AI Engineering
DSPy: Prompts as Code - Compile, Don't Handcraft
Цели урока
- Understand why manual prompt engineering doesn't scale and is brittle
- Master the three DSPy abstractions: Signature, Module, Program
- See how BootstrapFewShot and MIPROv2 optimizers work
- Build an optimized RAG pipeline and measure quality before and after
ChatGPT launched in 2022. LinkedIn saw 10,000 'Prompt Engineer' listings within a year. By 2025 most of that work was automated. Stanford DSPy showed: given a metric and training data, a compiler finds a better prompt than any human. Phi-3 mini with DSPy-optimized prompts outperformed GPT-4 on several NLP benchmarks - despite being 50x smaller.
- JetBlue uses DSPy for request routing - accuracy improved from 71% to 89% without changing the model
- Weaviate integrated DSPy as the standard optimization layer for production RAG pipelines
- Phi-3 mini (3.8B params) with DSPy optimization beat GPT-4 on the HotpotQA benchmark
- DSPy appears in 50+ academic papers from 2024-2025 as a prompt optimization baseline
From Handcrafted Prompts to Compilers
**2022 - Chain-of-Thought (Wei et al.)**: 'think step by step' as a magic phrase engineers inserted manually. **2023 - Automatic Prompt Engineer (Zhou et al.)**: first attempt at generating prompts automatically via LLM. **October 2023 - DSPy (Khattab et al., Stanford)**: prompt as a compiler abstraction, not a manual artifact. **2024 - TextGrad**: text 'gradients' from LLMs as a backpropagation mechanism. **2024 - MIPROv2**: Bayesian optimization of Signature + few-shot examples simultaneously, currently DSPy's best optimizer. The shift from prompts-as-text to prompts-as-programs took exactly two years.
Предварительные знания
The Problem With Manual Prompt Engineering
ChatGPT launched in 2022. Within a year, LinkedIn saw 10,000 'Prompt Engineer' job listings. By 2025, most of that work had been taken over by code. Not because prompts stopped mattering - because handcrafting them doesn't scale.
Manual prompts are code without a compiler. An engineer spends hours tuning phrasing, tests on 20 examples, deploys. A month later OpenAI updates the model. The prompt that delivered 87% accuracy now delivers 71%. The cycle starts over.
| Problem | Symptom | Scale |
|---|---|---|
| Brittleness | Prompt 'breaks' after model update | GPT-3.5 -> GPT-4 -> GPT-4o - redo each time |
| Subjectivity | Two engineers write different prompts for the same task | No objective metric for choosing |
| Non-portability | GPT-4o prompt doesn't work on Claude | Vendor lock-in at the text level |
| Scale | 100 tasks = 100 handcrafted prompts | O(N) effort for O(N) tasks |
The root issue is conflating **the task** with **the instruction**. The task is stable: 'classify sentiment'. The instruction is unstable: it depends on the model, the examples, the output format. DSPy separates them.

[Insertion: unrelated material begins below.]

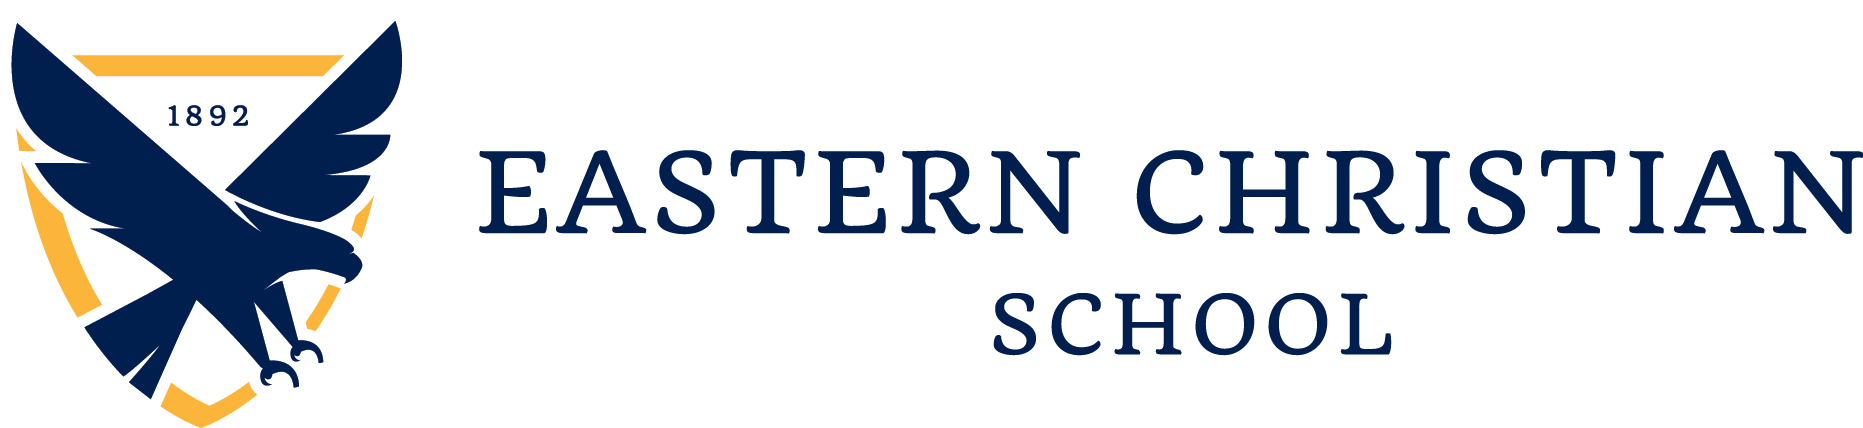 Eastern Christian School logo

Sclar et al. (2023) showed that changing a prompt by a single token can shift accuracy by 10-15%. This means a handcrafted prompt is a random point in a vast instruction space - not an optimum.
Why doesn't manual prompt engineering scale?
DSPy: Declare the Task, Don't Write the Prompt
Stanford DSPy (Khattab et al., 2023) is a framework where prompts are never written by hand. Instead, a **Signature** (input/output contract), a **Module** (processing strategy), and a **Program** (pipeline of modules) are declared. The compiler finds optimal prompts automatically.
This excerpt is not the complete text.